Rowling was profoundly affected by the death of her own mother from multiple sclerosis in 1990 at the age of 45.
"My mum died six months into writing (the books), and I think that set the central theme — this boy dealing with loss," Rowling says.
And she makes no apologies for exposing children to death.
"I think children are very scared of this stuff even if they haven't experienced it, and I think the way to meet that is head-on," she says. "I absolutely believe, as a writer and as a parent, that the solution is not to pretend things don't happen but to examine them in a loving, safe way."
Rowling says her success has been "the experience of a lifetime." But it also has brought an intense level of pressure, scrutiny and criticism. In the United States, her book tours have attracted thousands of screaming children, but also death threats. Some Christians have called for the books to be banned, claiming they promote witchcraft.
But it's only now that she realizes just how intense the pressure has been at the center of the Harry Potter whirlwind.
"I was very lonely with it," she says. "It's not like being in a pop group, where at least there would be three or four other people who knew what it was like to be on the inside. Only I knew what it was like to be generating this world as it became bigger and bigger and bigger and more and more people were invested in it."
TIME OUT FOR MARRIAGE
After producing a book a year between 1997 and 2000, Rowling took a break. There was a three-year gap between the fourth book, "Harry Potter and the Goblet of Fire," and "Harry Potter and the Order of the Phoenix," published in 2003. During the gap, Rowling met and married Neil Murray, a Scottish doctor.

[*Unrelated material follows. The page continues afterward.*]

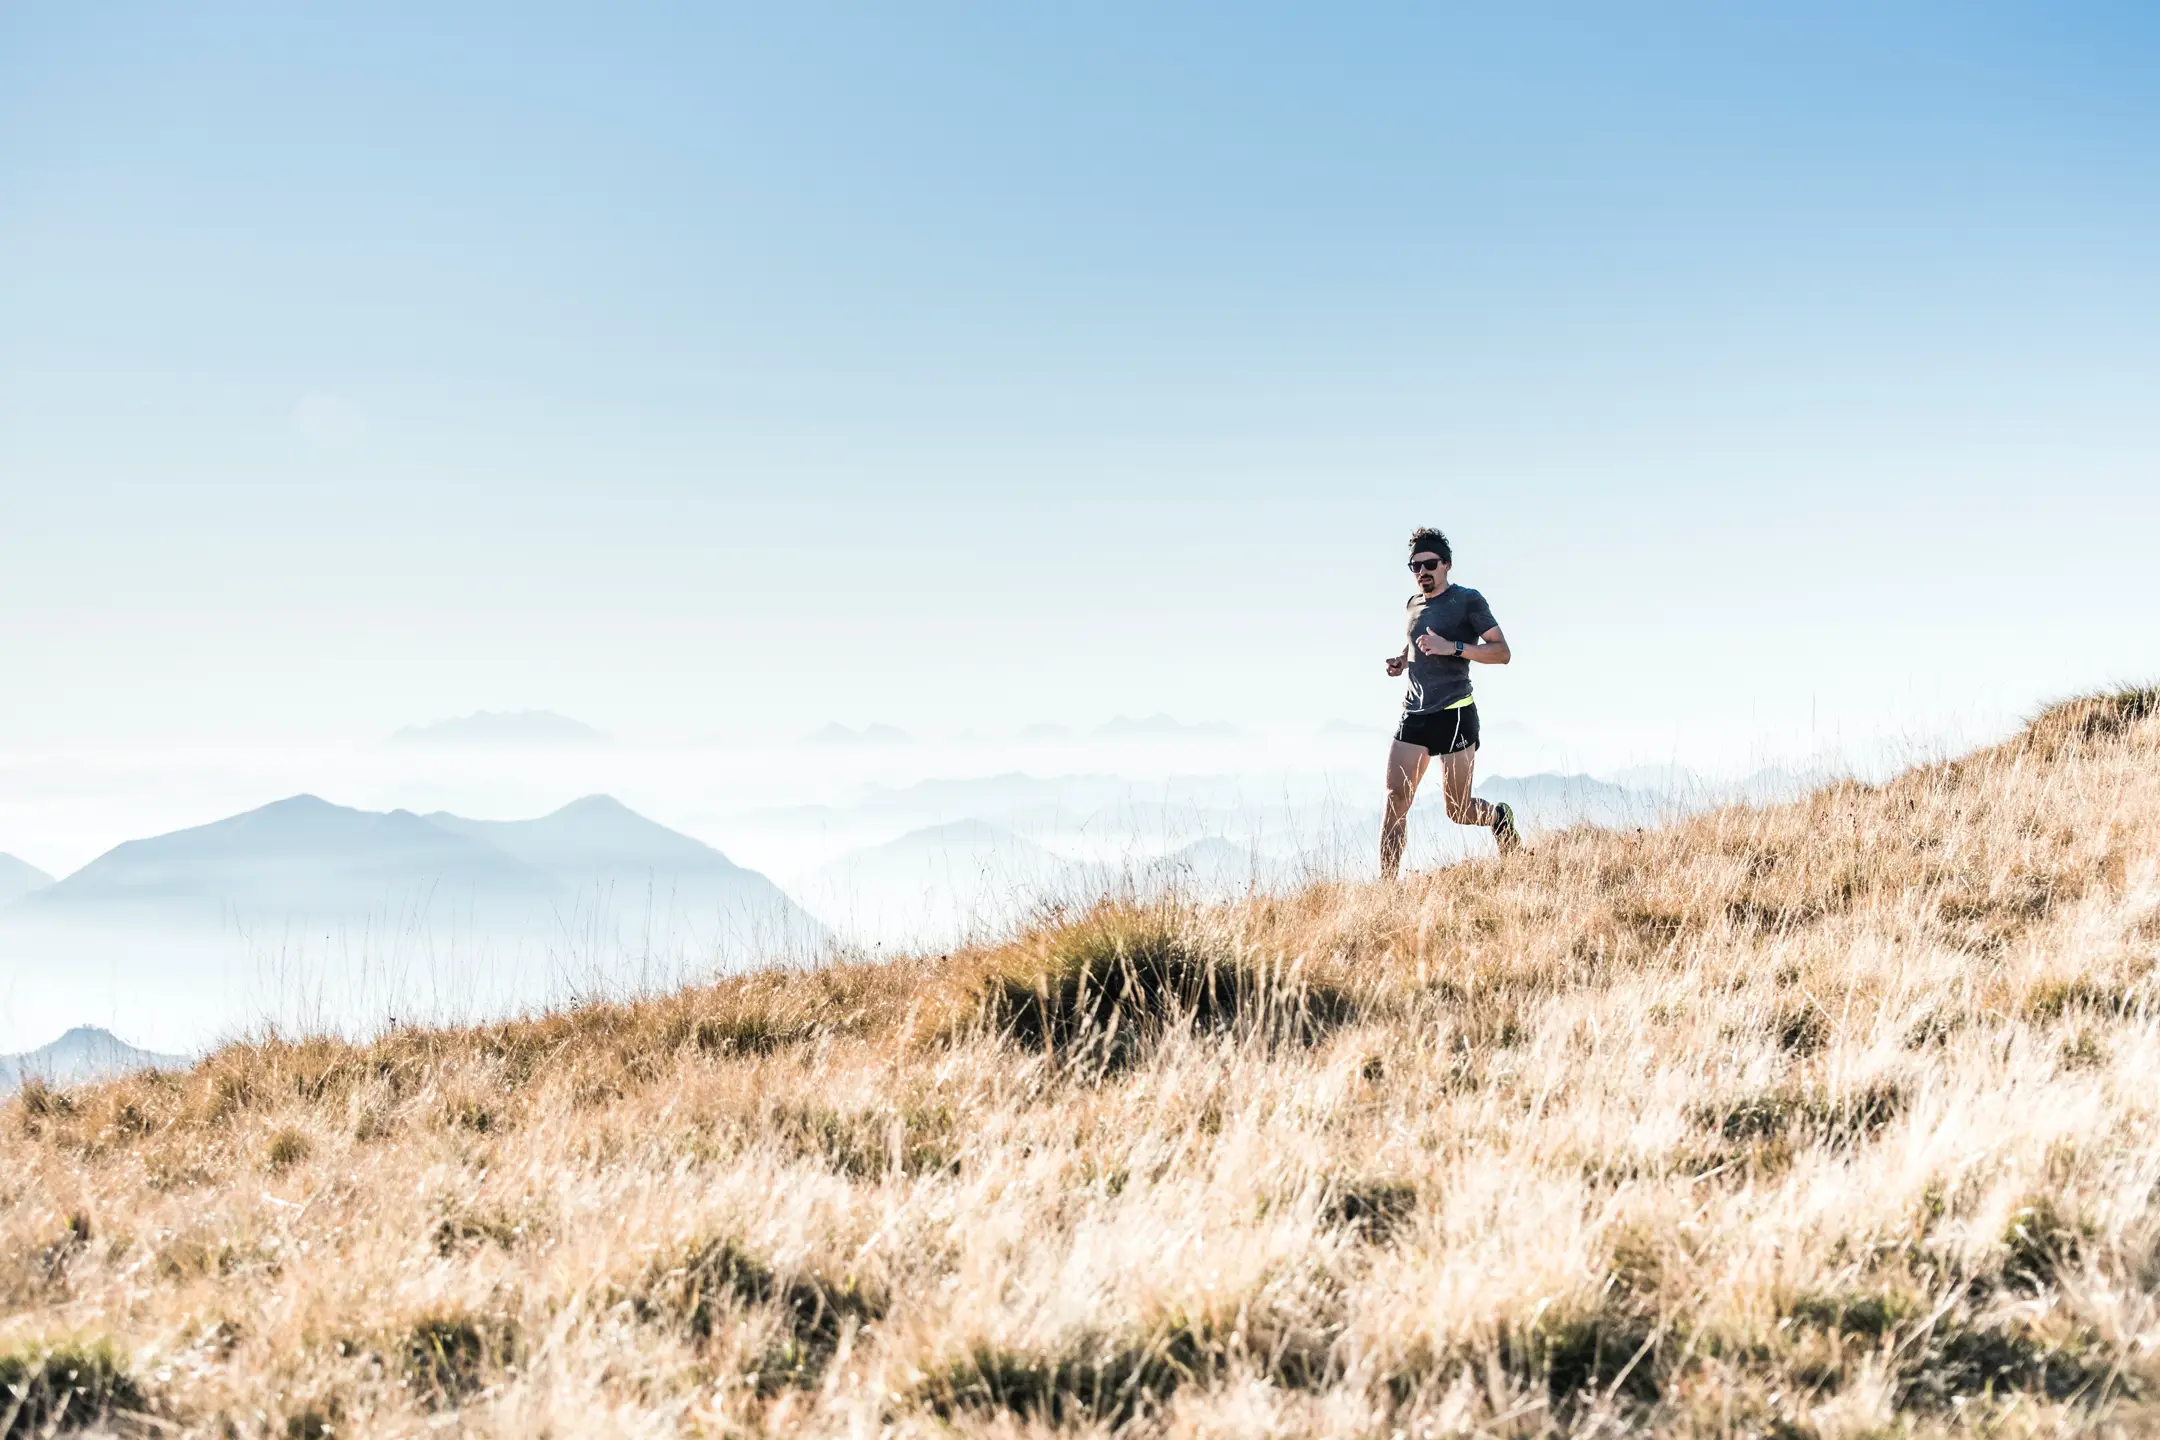 athlete running through field of dry grass mountains in background

They live in Edinburgh with their children, David, 4, and Mackenzie, 2, as well as Jessica, Rowling's daughter from her first marriage to a Portuguese journalist.
Rowling now seems reconciled to her success. She says she lives a normal life and is rarely recognized in the street, although her graystone town house on a tree-lined street is protected by an 8-foot stone wall and iron security gates. Like the neighborhood — a leafy literary enclave that's also home to crime novelist Ian Rankin and "No. 1 Ladies' Detective Agency" writer Alexander McCall Smith — the house exudes solid affluence, rather than extravagance.
The modestly sized lawn holds a soccer net and a colorful plastic jumble of children's toys. In the tidy family room are crowded bookshelves, an aquarium, photo albums and board games — the trappings of any middle-class family's life.
Rowling predicts that some of Harry's fans will dislike "Deathly Hallows." But she is proud of it. "The final book is what it was always supposed to be, and so I feel very at peace with that fact," she says.
As for the future, she says she has no plans.
"I can never write anything as popular again," she said. "Lightning does not strike in the same place twice.
"I'll do exactly what I did with Harry — I'll write what I really want to write, and if it's something similar, that's OK, and if it's something very different, that's OK.
"I just really want to fall in love with an idea again, and go with that."